Talk: AVScan2Vec, feature Learning on Antivirus Data, 4/14
Learns semantics for production-scale Malware Corpora
The UMBC Cyber Defense Lab presents
AVScan2Vec: Feature Learning on Antivirus Scan
Data for Production-Scale malware corpora
RJ Joyce
UMBC Discovery, Research, and Experimental Analysis of Malware Lab
12-1pm ET, Friday, 14 April 2023, via WebEx
Joint work with Tirth Patel, Dr. Charles Nicholas, and Dr. Edward Raff
We introduce AVScan2Vec, a sequence-to-sequence autoencoder that can ingest AV scan data, extract semantic meaning, and produce meaningful feature vectors for malware. AVScan2Vec is able to bypass several limitations of prior malware feature-extraction methods, while simultaneously showing noteworthy improvement in several relevant ML tasks. Our implementation of AVScan2Vec in combination with Dynamic Continuous Indexing is especially potent, enabling 10 nearest-neighbor lookup queries in ~16ms on a dataset containing over seven million malware samples. Automation has become increasingly more vital to the field of malware analysis due to manual effort being slow and costly. To improve common tasks such as classification, clustering, and nearest-neighbor lookup of malware, improving malware feature extraction has been a significant research focus. Many approaches rely on features that can only be obtained using prolonged analysis. Due to the enormous quantity and variety of malware, however, applying these feature extraction techniques to a production-size malware corpus would be infeasible. Other, more scalable feature-extraction methods are hindered by static obfuscation, restricted to a single file format, and/or limited in their capacity to identify higher-level malware features. Our work explores the under-recognized potential of antivirus (AV) scan data, which is relatively cheap to acquire and contains rich features.

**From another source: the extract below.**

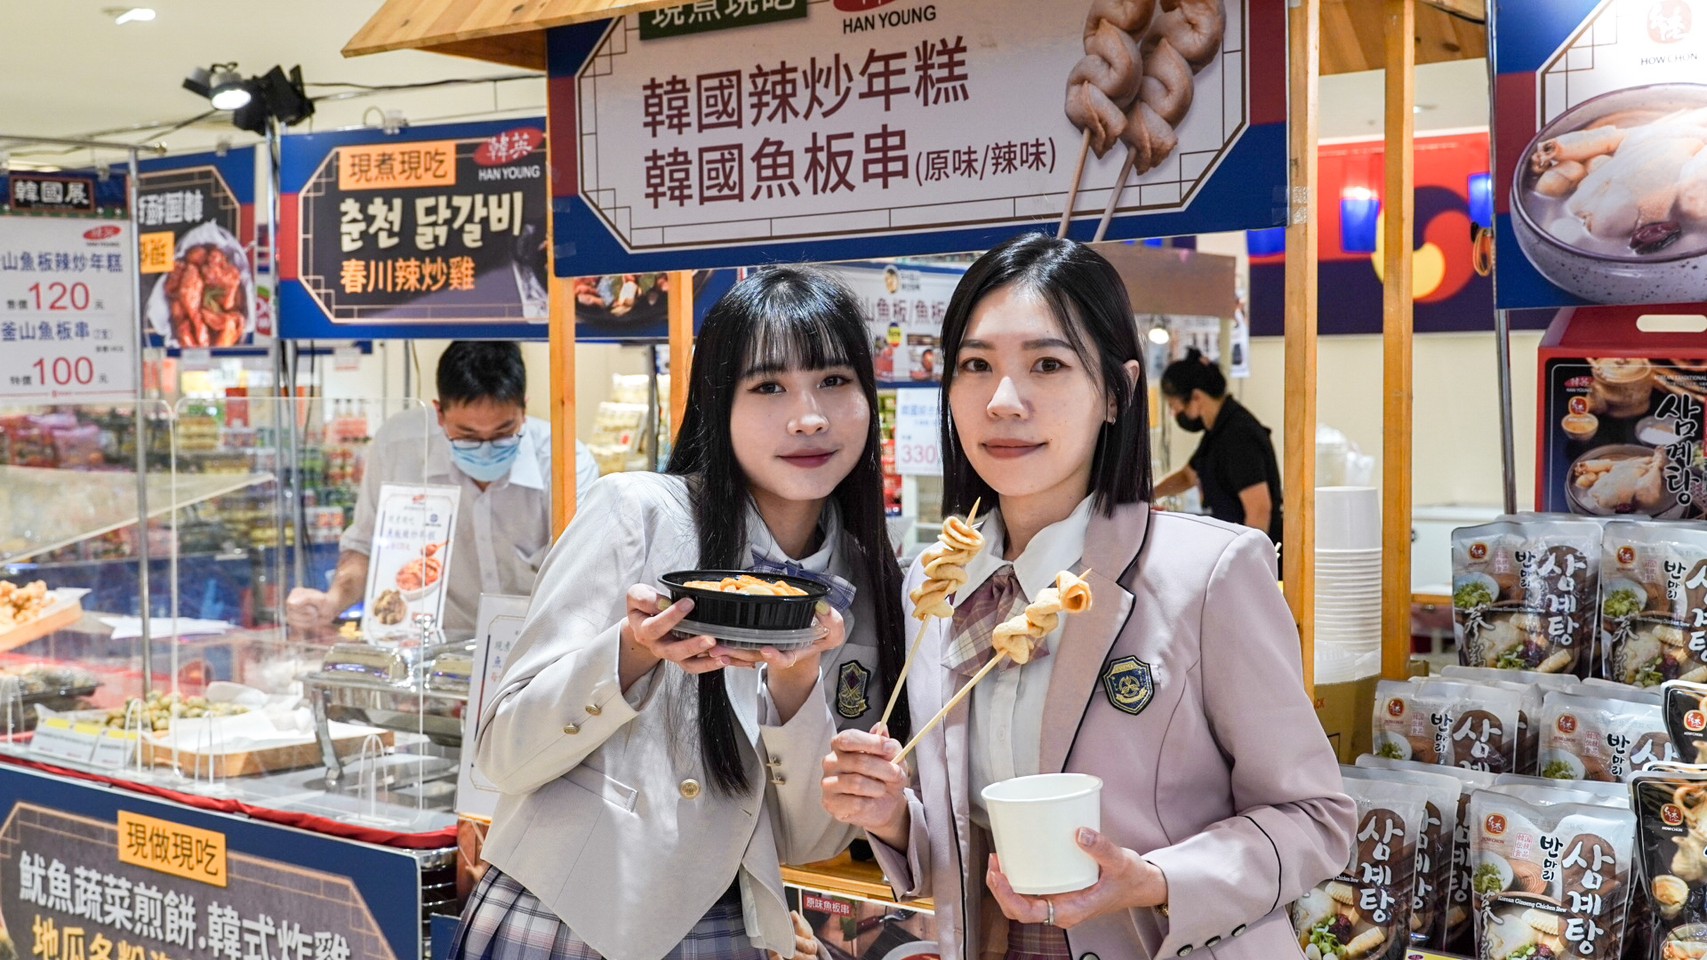 SOGO「韓國美食展」現場也首度邀請到「迷宮韓服」舉辦韓國高校制服體驗活動

RJ Joyce (joyce8@umbc.edu) is a PhD student at UMBC under the supervision of Dr. Charles Nicholas and Dr. Edward Raff. Presently, RJ works as a data scientist at Booz Allen Hamilton performing research at the intersection of malware analysis and machine learning. RJ is also a visiting lecturer at UMBC and is teaching the Principles of Computer Security course this semester.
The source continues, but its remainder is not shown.